Task requirements |
Set down the lines below, exactly, starting at the one that contains "Simone de Beauvoir" and stopping at the last line, inclusive. Omit pictures.

Dataset excerpt |

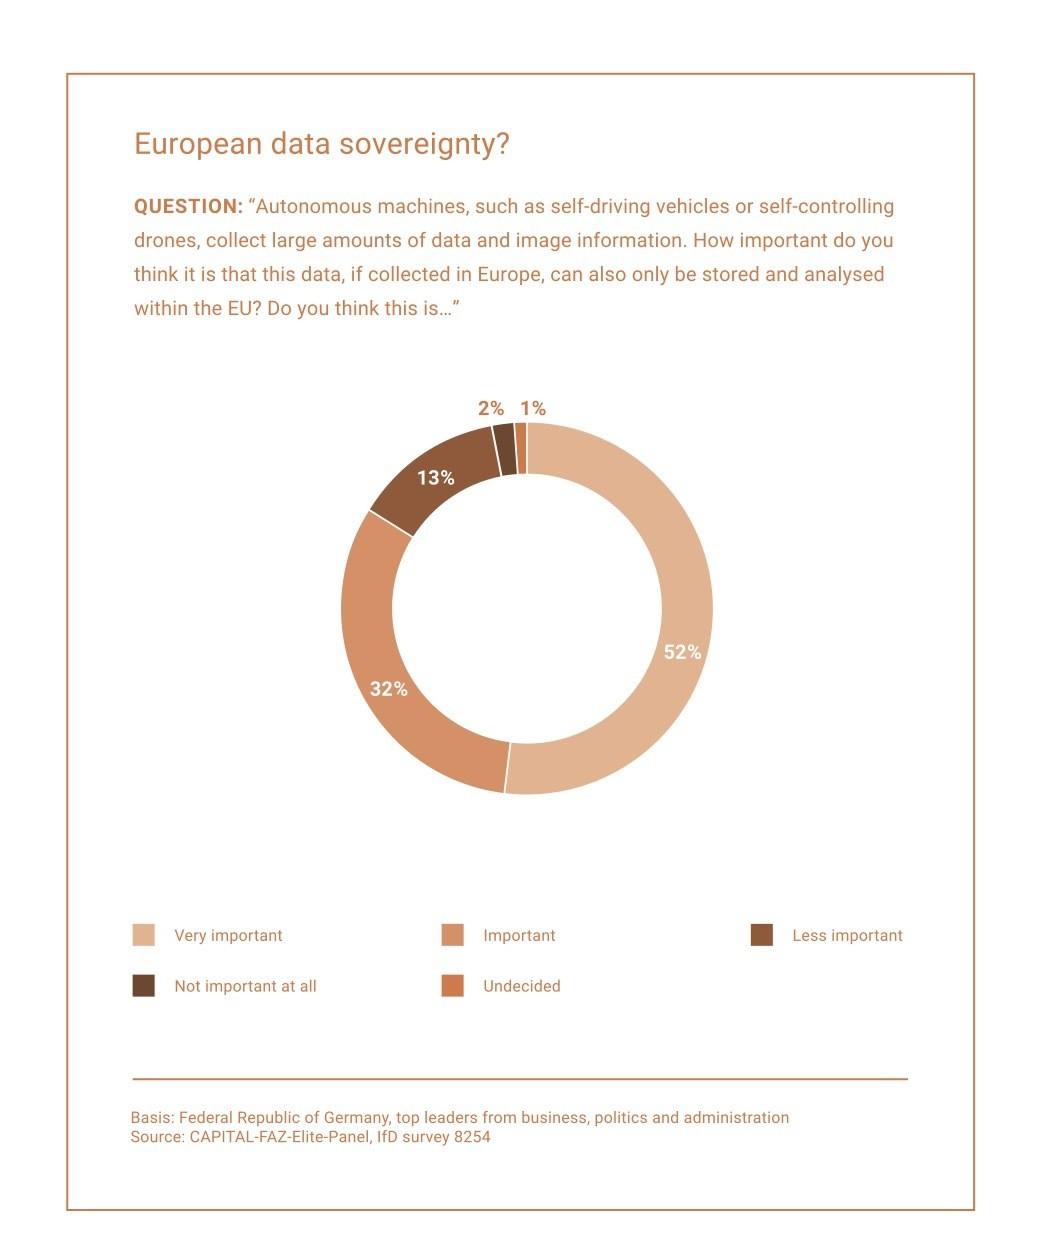 Figure 1: Autonomous machines and data sovereignty
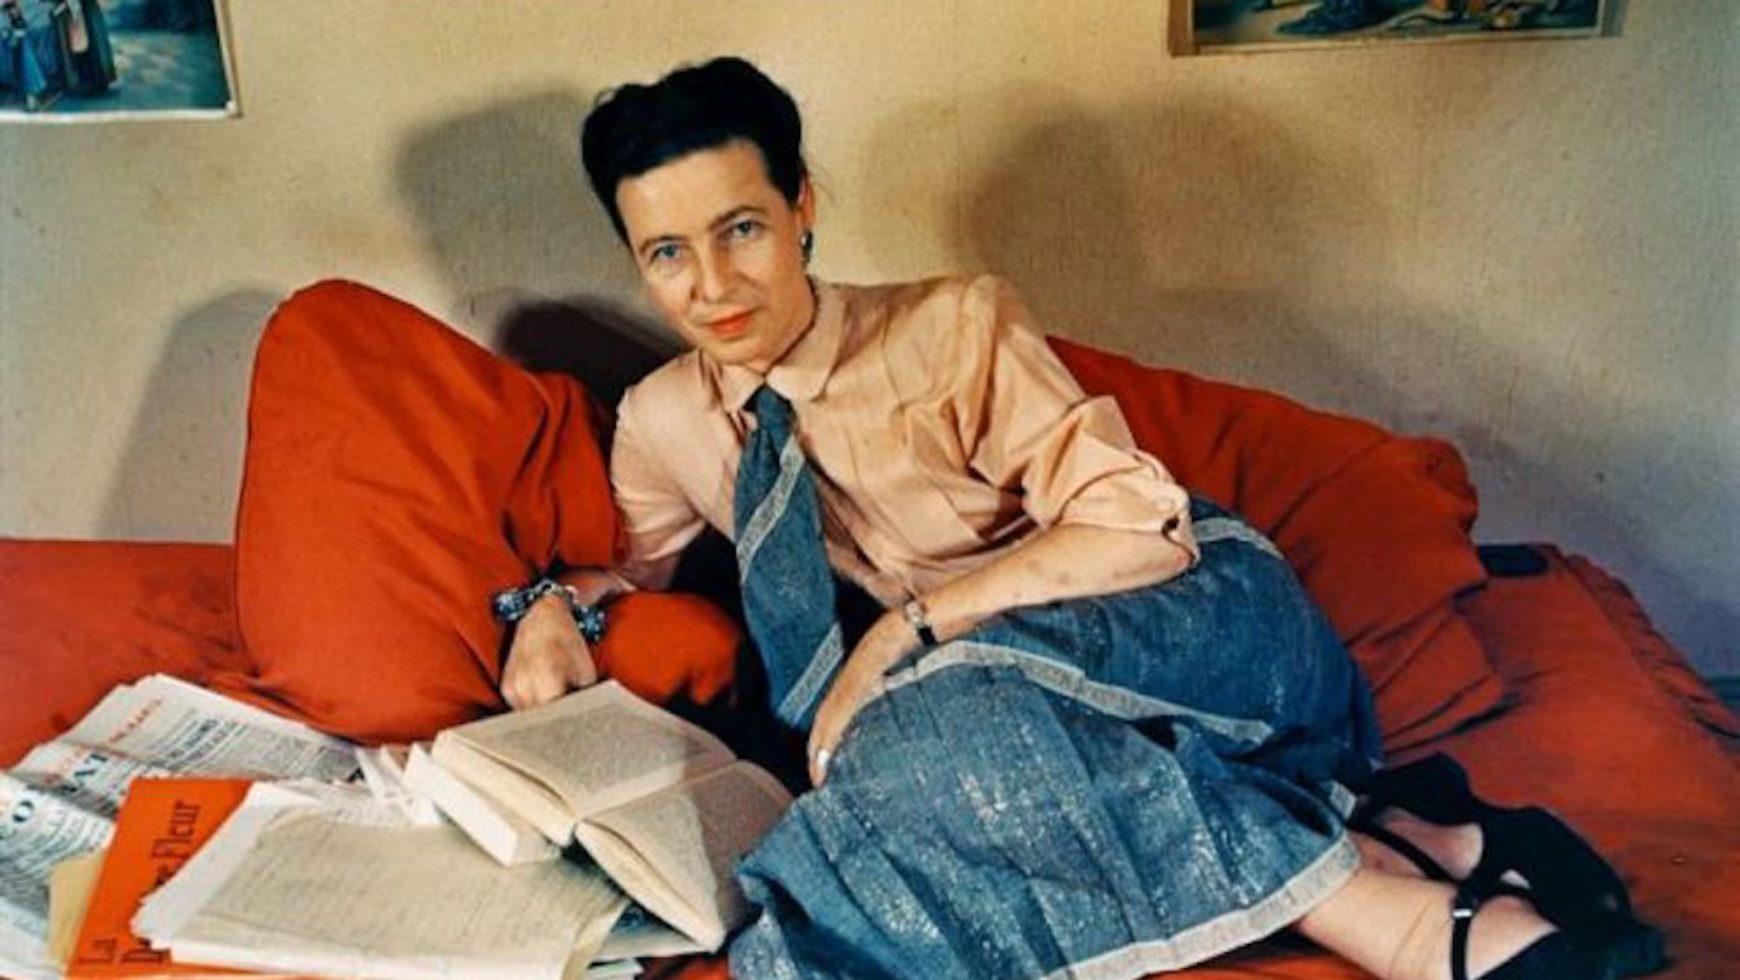 Simone de Beauvoir Is The Badass Inspiration You Need To Keep Going
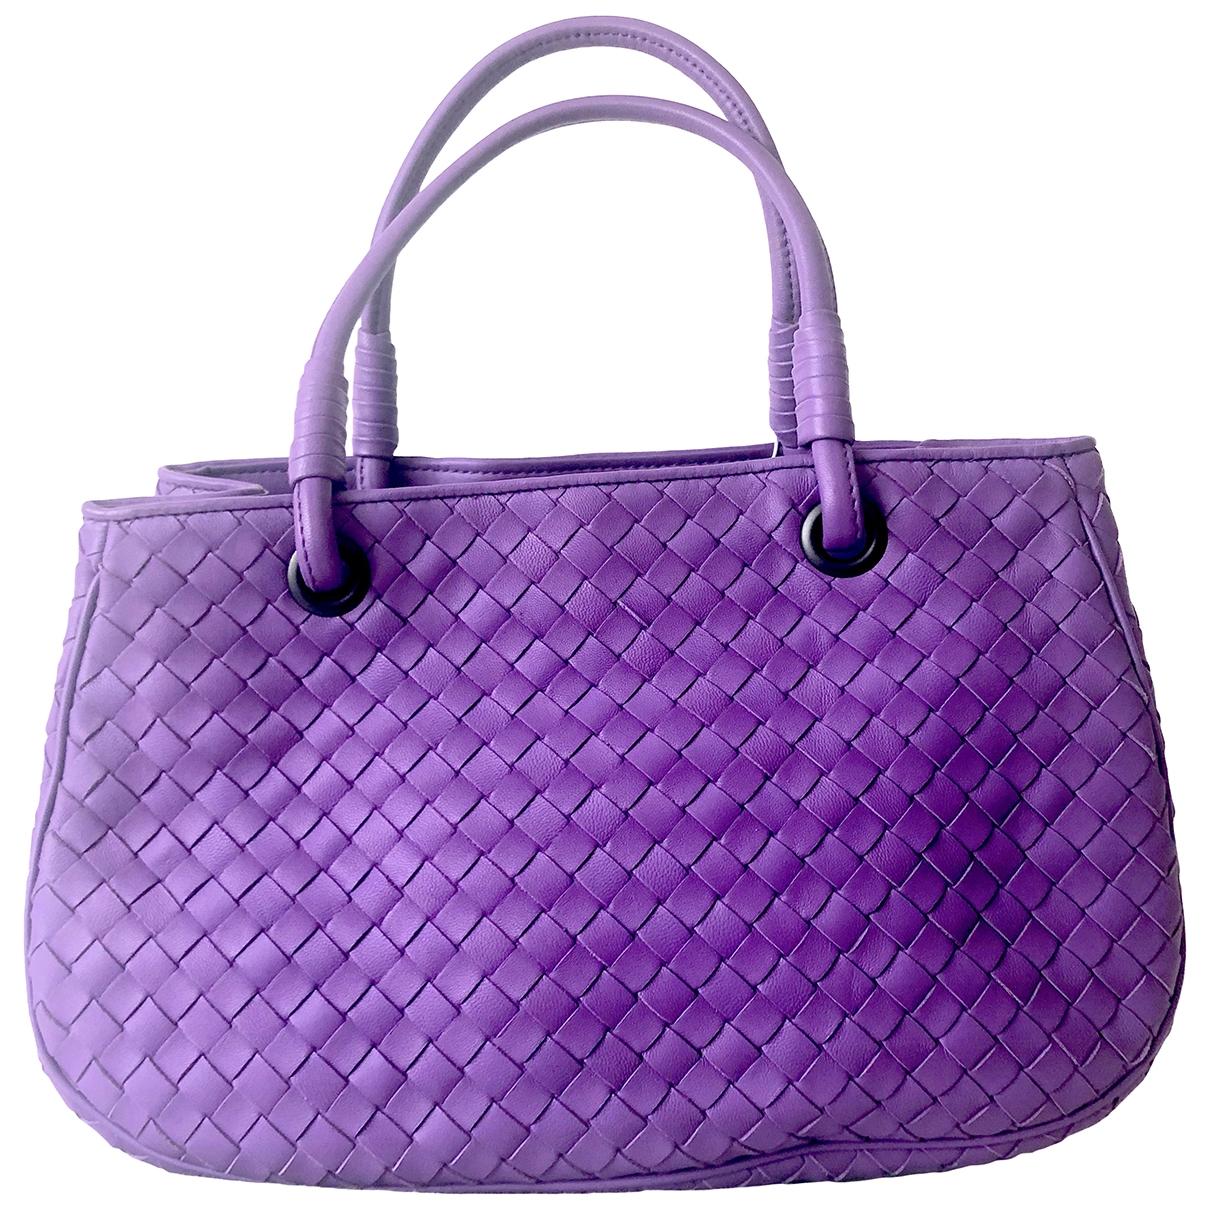 Bottega Veneta \N Handtasche in  Lila Leder

Your response |
 Simone de Beauvoir Is The Badass Inspiration You Need To Keep Going
 Bottega Veneta \N Handtasche in  Lila Leder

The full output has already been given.